The total concentration of HM decreased in the following order: BMEC > BF600 > B600 > B500 > B400, coinciding with the decrease in the temperature of biochar production. Phoungthong et al. [
45] suggested that the increment of HM concentration along with the temperature is because of the decomposition of the organic matter during pyrolysis and the partitioning of heavy metals with low volatility accumulated in biochar matter.
Although there is no restriction on the application of biochar in the field, it is important to consider the heavy metal thresholds of the international guidelines when using biochar as a carrier for a possible biostimulant or for its application as an organic amendment.
3.2.2. Concentration of Polycyclic Aromatic Hydrocarbons (PAHs) in the Biochar Samples
Polycyclic aromatic hydrocarbons are one of the main contaminants in biochar. They are formed due to the aromatisation and carbonisation of organic matter [
12].
Table 5 shows the concentration of total Σ16 PAHs (US EPA). In all the biochar samples, Naphthalene (69%) was the prevailing PAH, followed by phenanthrene (9%) and acenaphthylene (6%). In general terms, the contents of lower molecular weight PAHs were more abundant than the higher molecular weight compounds.
According to IBI’s guidelines, the permitted range of Σ16 PAH concentrations in biochar samples ranges from 6 to 300 mg/kg, whereas EBC’s recommendations are more rigorous and differentiate between various categories depending on the content. All biochar samples fulfil the IBI specifications. Following the EBC-Agro (Class III) classification, the B600 and BMEC samples were below the limit (6 mg/kg), the B400 and B500 samples were just above the limit by 2% and 7% respectively, and the BF600 sample exceeded the threshold set for Class III. However, only part of the PAH content is bioavailable and potentially risky [
44,
46]. Even the bioavailable part of the PAHs that are directly responsible for the toxicity is very low compared to the total content [
46,
47]. De la Rosa et al. [
48] suggested that PAHs are not the most reliable indicator of toxicity.

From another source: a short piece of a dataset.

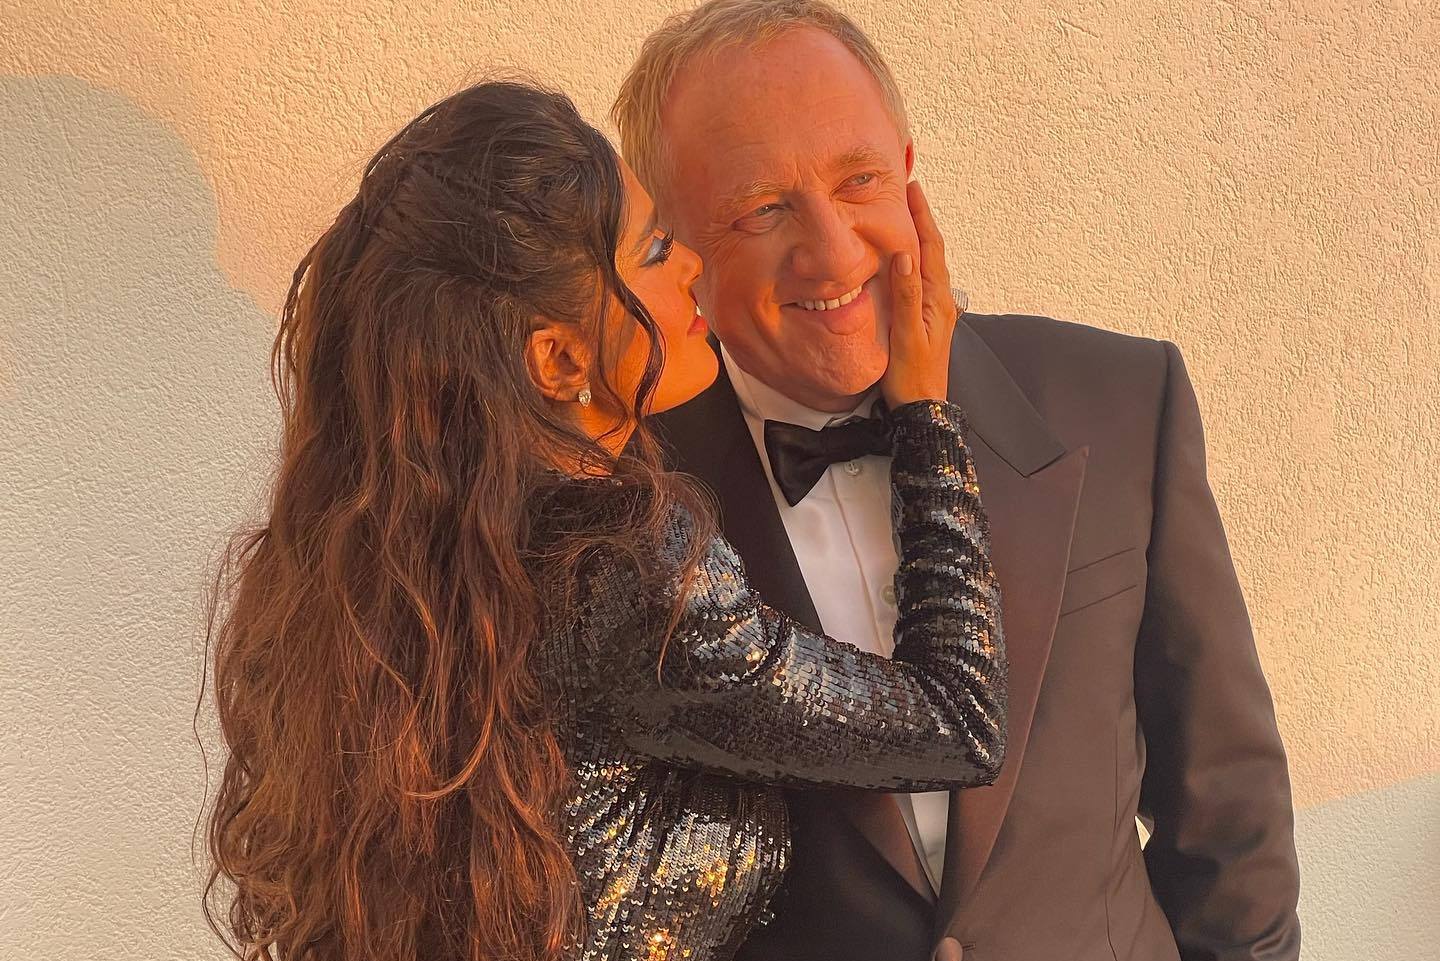 Photo by Salma Hayek Pinault on May 28 2023. May be an image of 2 people dinner jacket and
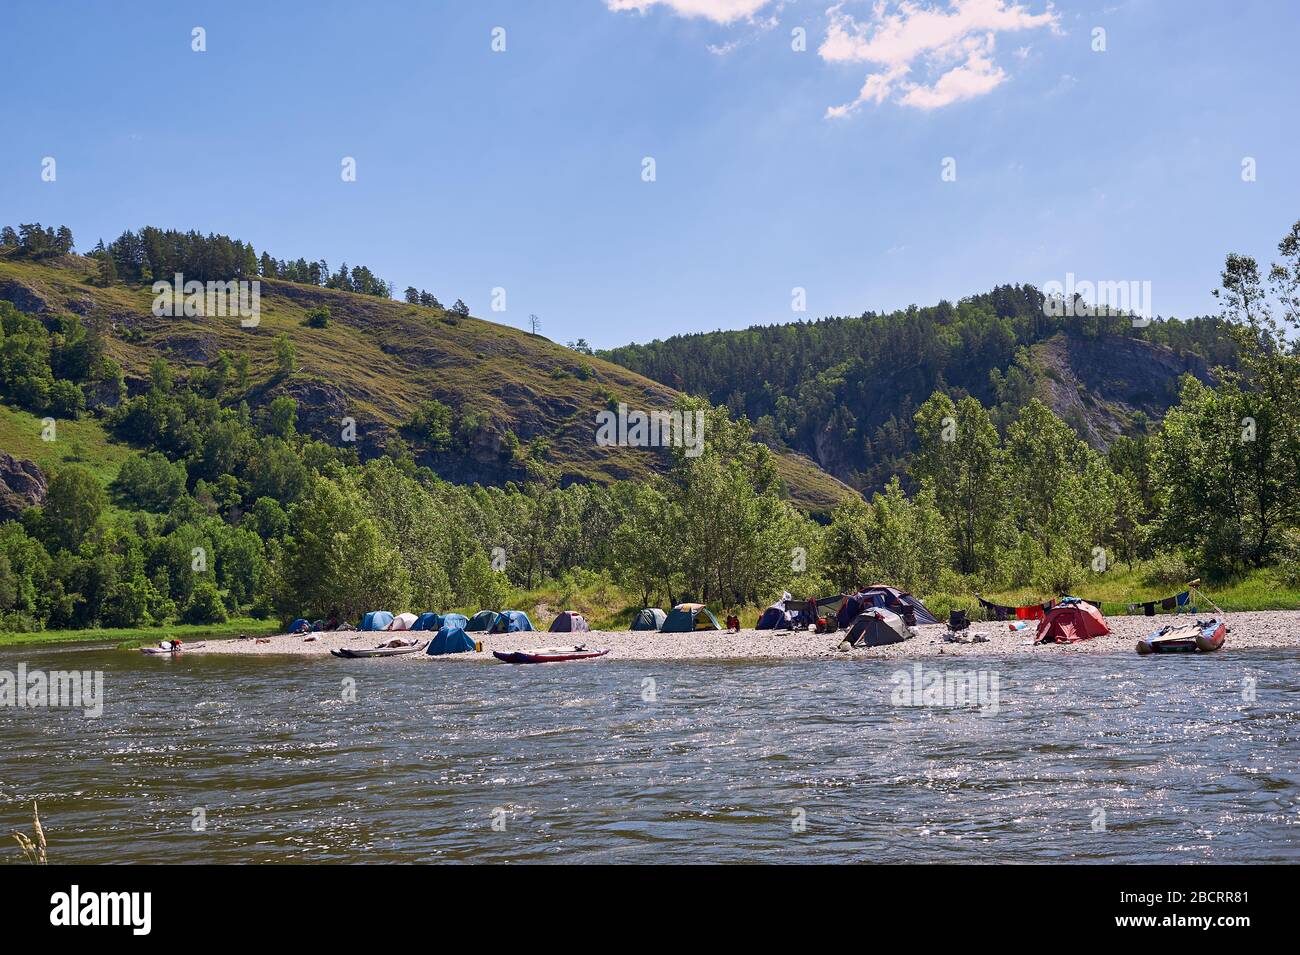 Tourist camp on the background of the river. Tents under the blue sky. Rafting on a mountain river. Stock Photo

Our results indicate that pH could be more relevant for phytotoxicity than PAHs. In this light, the BMEC sample was the most phytotoxic sample with the lowest PAH concentration and the most alkaline pH. Therefore, the elevated pH may have contributed more to the inhibition of seed germination than the PAH concentration. However, for the rest of the samples with pH closer to neutrality, there was a strict correlation between the phytotoxicity and the total PAH concentration, both decreasing as follows: BF600 > B400 > B500 > B600. Thus, this study confirmed that PAHs are an important source of biochar toxicity, as previously reported [
49], but they cannot be regarded as the main cause of phytotoxicity.